The deaths seem to lag 2-3 weeks past the infections, so if we think the new infections will peak in 2-3 weeks, then the deaths will start to peak 2-3 weeks after that. Also consider that our hospitals have a capacity, and once that capacity is reached, the death rate will go up even more. People who can survive because they have a team of healthy doctors, an exclusive icu nurse, and a ventilator may not survive when any one of those things are taken away. This will affect more that just just the Covid deaths: the heart patients and the cancer patients and the kids who fell riding their bike all will not have the same level of medical care as normal. It’s going to be ugly and sad.

I have no expertise in this area, but I am bracing myself for quarantine through at least May and possibly June, and that once the shelter in place orders are lifted, it will be months and months before life returns to “normal.” I believe the authorities are only currently calling for an end date of April 30 because 1) they are hoping they won’t have to extend it, even if they think they will 2) to keep the economy propped up and avoid talking about additional tax refunds for now 3) it’s probably easier for them to tell us two weeks at a time and get people on board than it is to announce a sweeping 2-3 month shutdown. Again, I have no special knowledge. I hope everyone is wrong and that somehow the deaths have already peaked—but nothing at all that I have read anywhere suggests that. Even if you look at the (presumably falsified to look less awful than it was) death rate data from the Chinese, will we in America be able to reproduce their quarantine conditions?
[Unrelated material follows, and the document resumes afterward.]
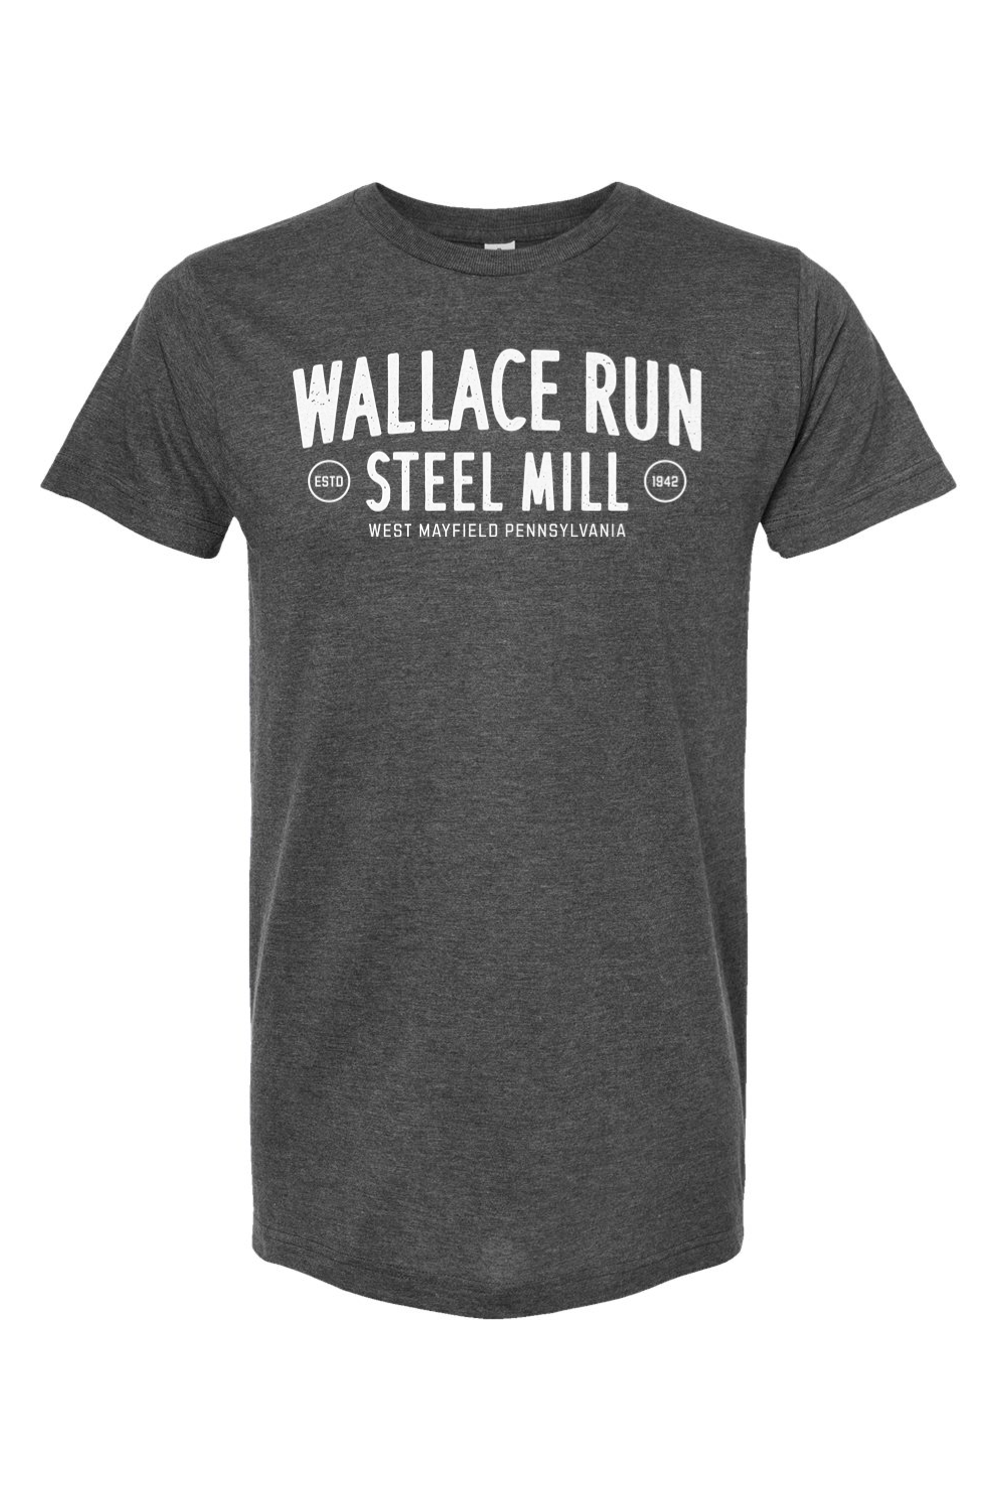 Wallace Run Steel Mill - West Mayfield - Beaver County - Yinzylvania
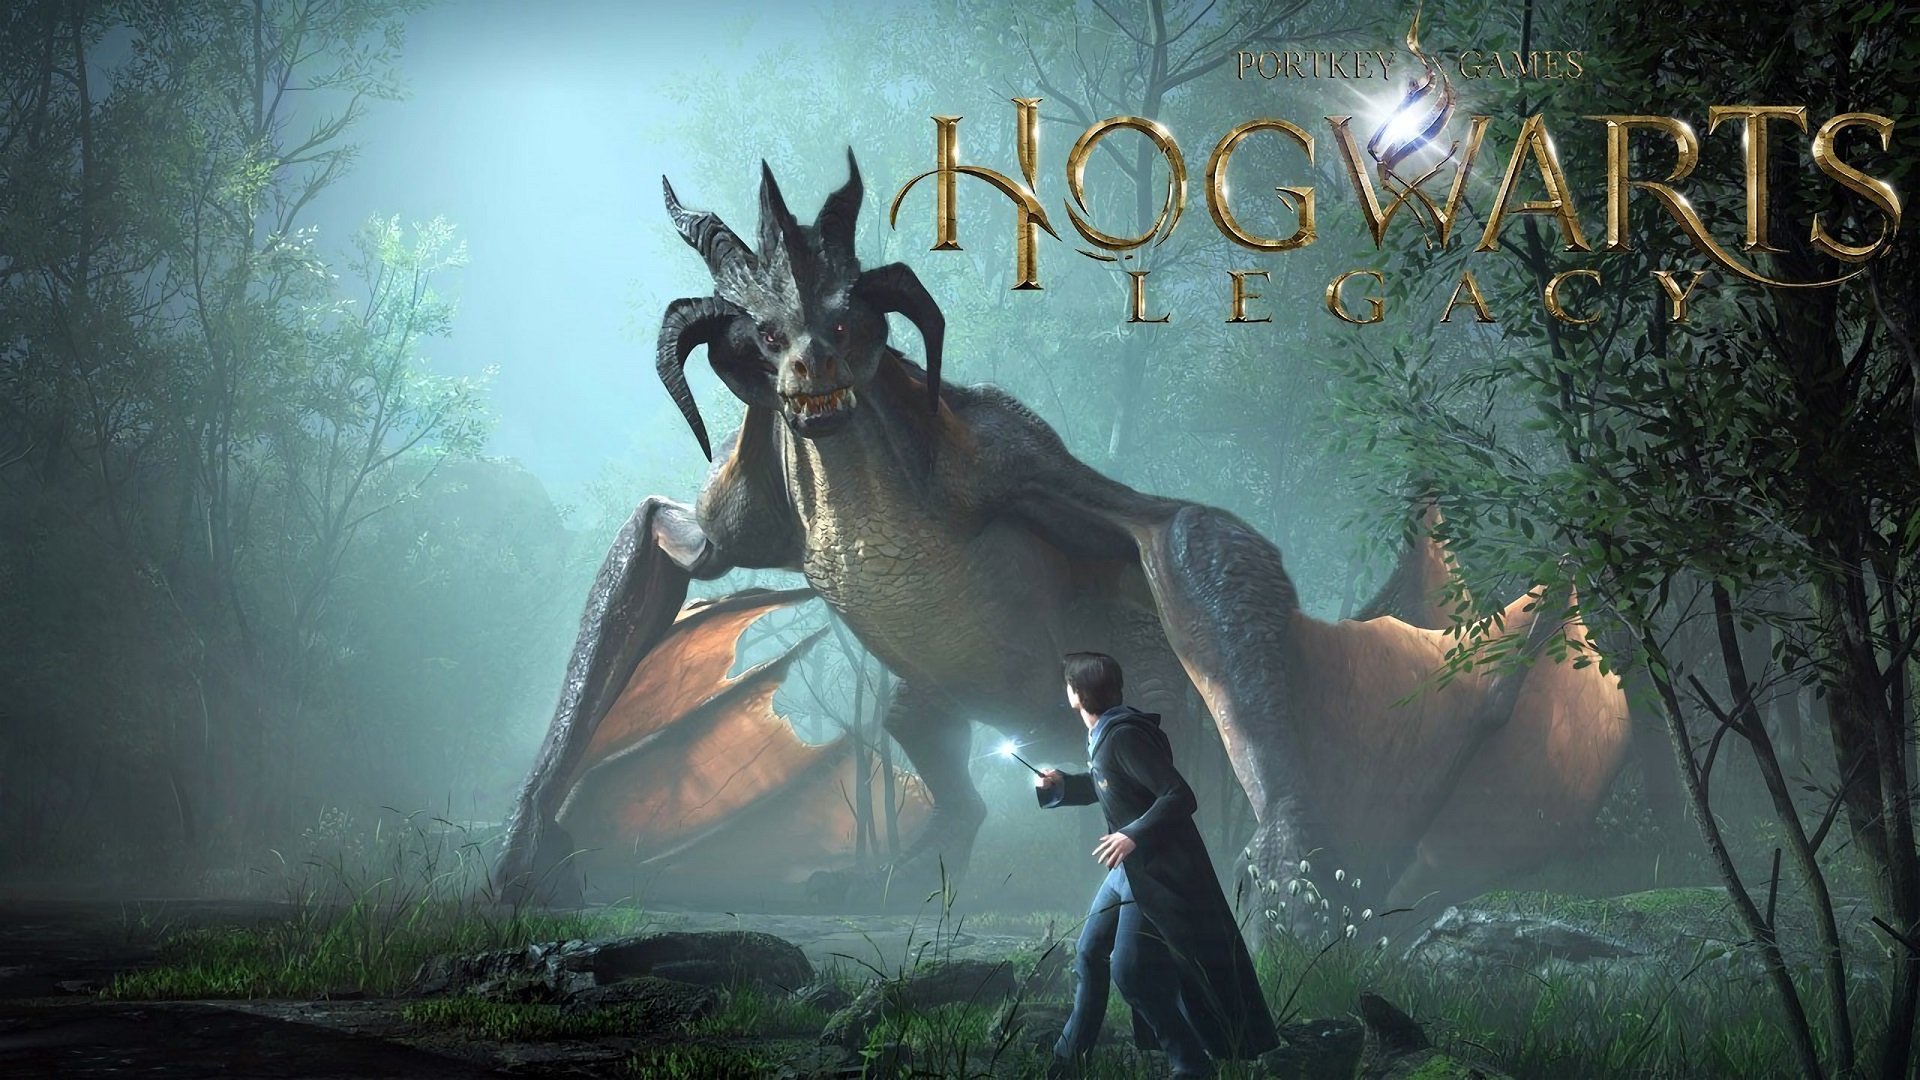 hogwarts legacy game release

The authoritarian government there dragged people from their homes and centralized food delivery. That is not going to happen here, and our quarantine will be much less perfect.


If deaths double every three days, we’ll be well into six figures in 15 days. If that marks both the peak and the halfway point of the epidemic, that puts us at almost 250,000 total deaths across approximately five total months.

Plug 3700 x 2 into your calculator and then press = until you get a number > 100,000. It took me five presses. If you assume a three-day doubling rate, that’s 3 x 5 = 15 days.

Whether any of those assumptions are correct, I have no idea, but none of them seem at all crazy. Some may be pretty optimistic.